# what is this called and how do I fix it?



## ozziesironman (Jun 30, 2010)

If this is in the wrong forum, I apologize... but I don't know what to call this thing. Art is the closest I can come to it. 

I just need to know how to open it. It's my parents, and they drunkenly bought it in vegas way back in the day. (we've all been there, I'm sure...) and its been in my closet since the stuff fell off the back of the display case.


----------



## SABL (Jul 4, 2008)

Basically, it's a picture frame. What kind of fasteners are on the back?? It's doubtful that the back slides off but possible......got a shot of the back??


----------



## ozziesironman (Jun 30, 2010)

sure, here ya go.


----------



## SABL (Jul 4, 2008)

Check the two bumper pads at the bottom..... and remove the hanger brackets. Looks like paper has been used to cover the back......hard to tell from the pic. I see what appears to be woodgrain but with many waves. I also see what appears to be fasteners by looking at the raised spots around the edge.
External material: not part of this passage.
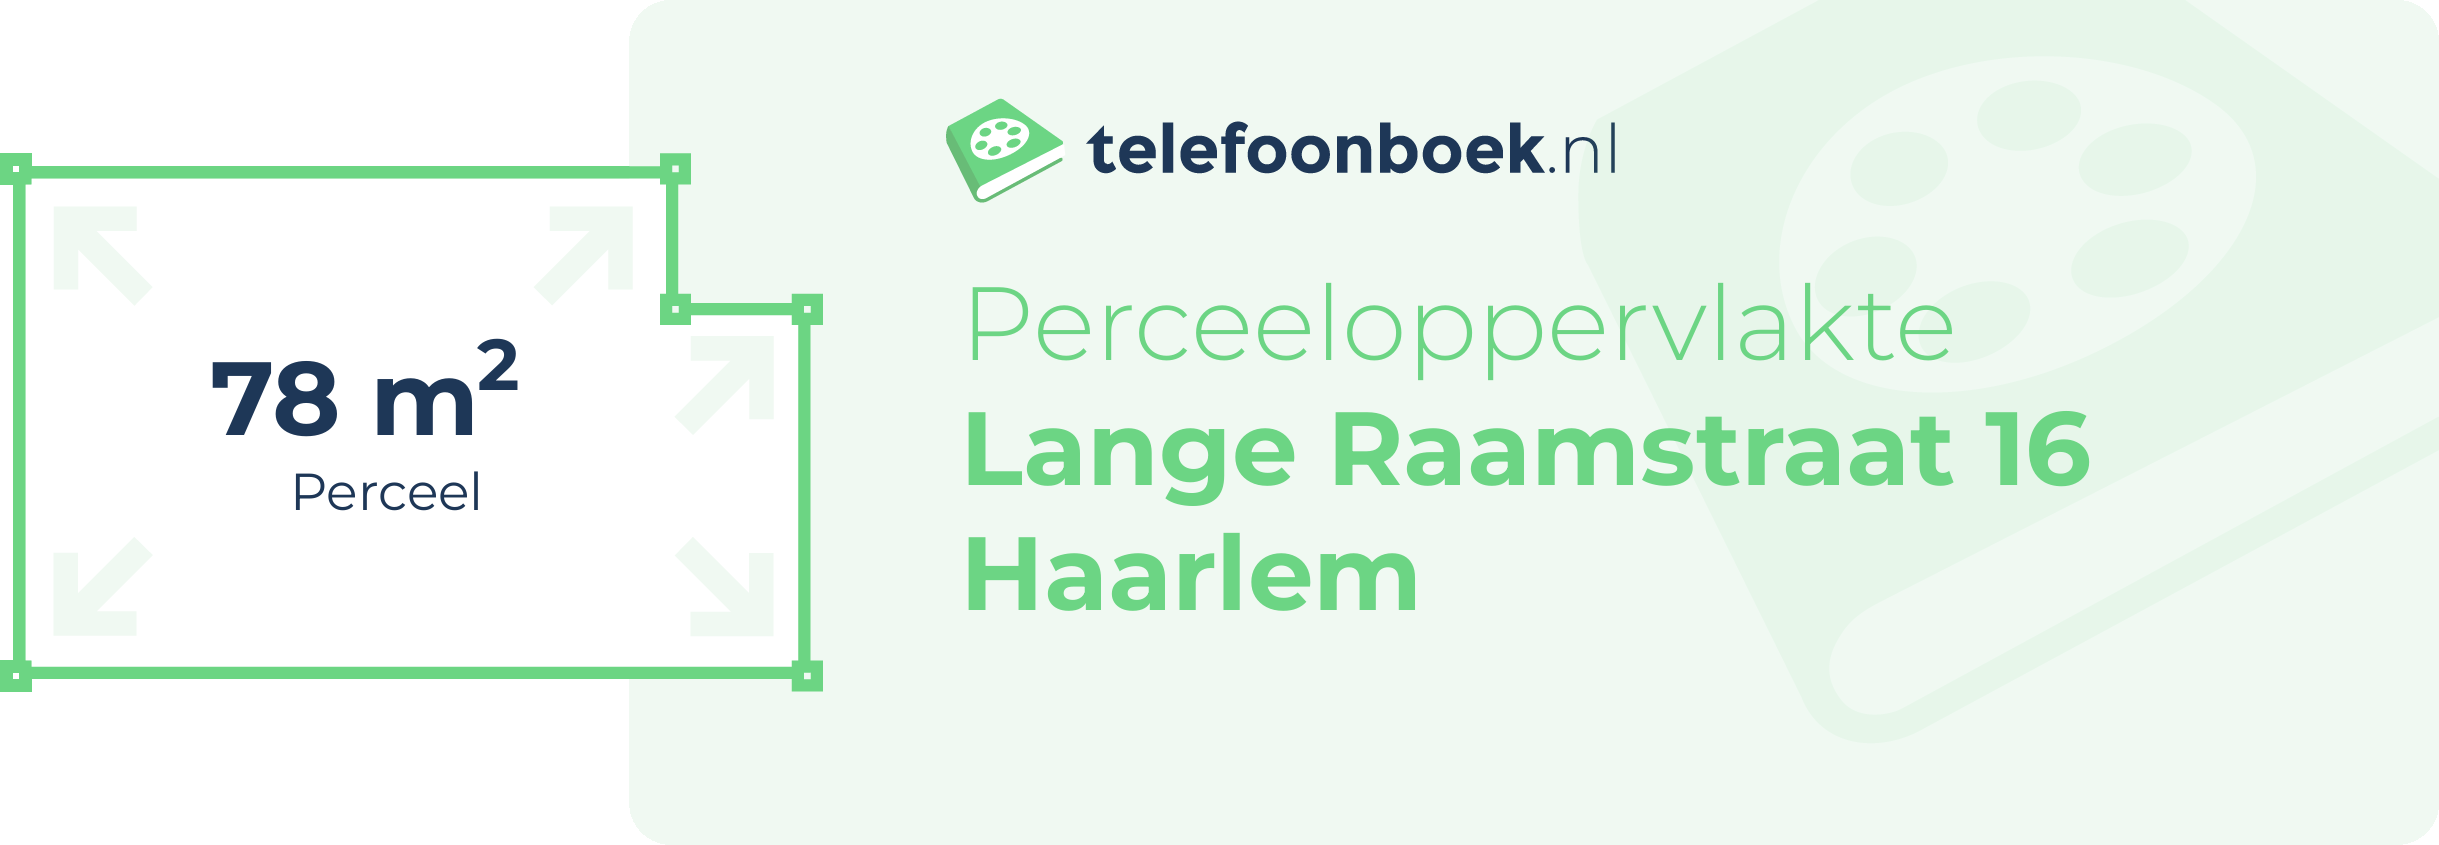 Perceeloppervlakte Lange Raamstraat 16 Haarlem

If it's paper backed you will have to peel it off and look for the fasteners.


----------



## aptpupil (Mar 16, 2012)

tough to tell from the picture - how much room is there between the glass and the wood behind it? kinda looks like there's a couple inches of space. there might be touch latch or something where you can pull the frame or push it in and the frame will swing out (usually it will be attached with a piano hinge). does it look like there are any hinges or latches on the sides?


----------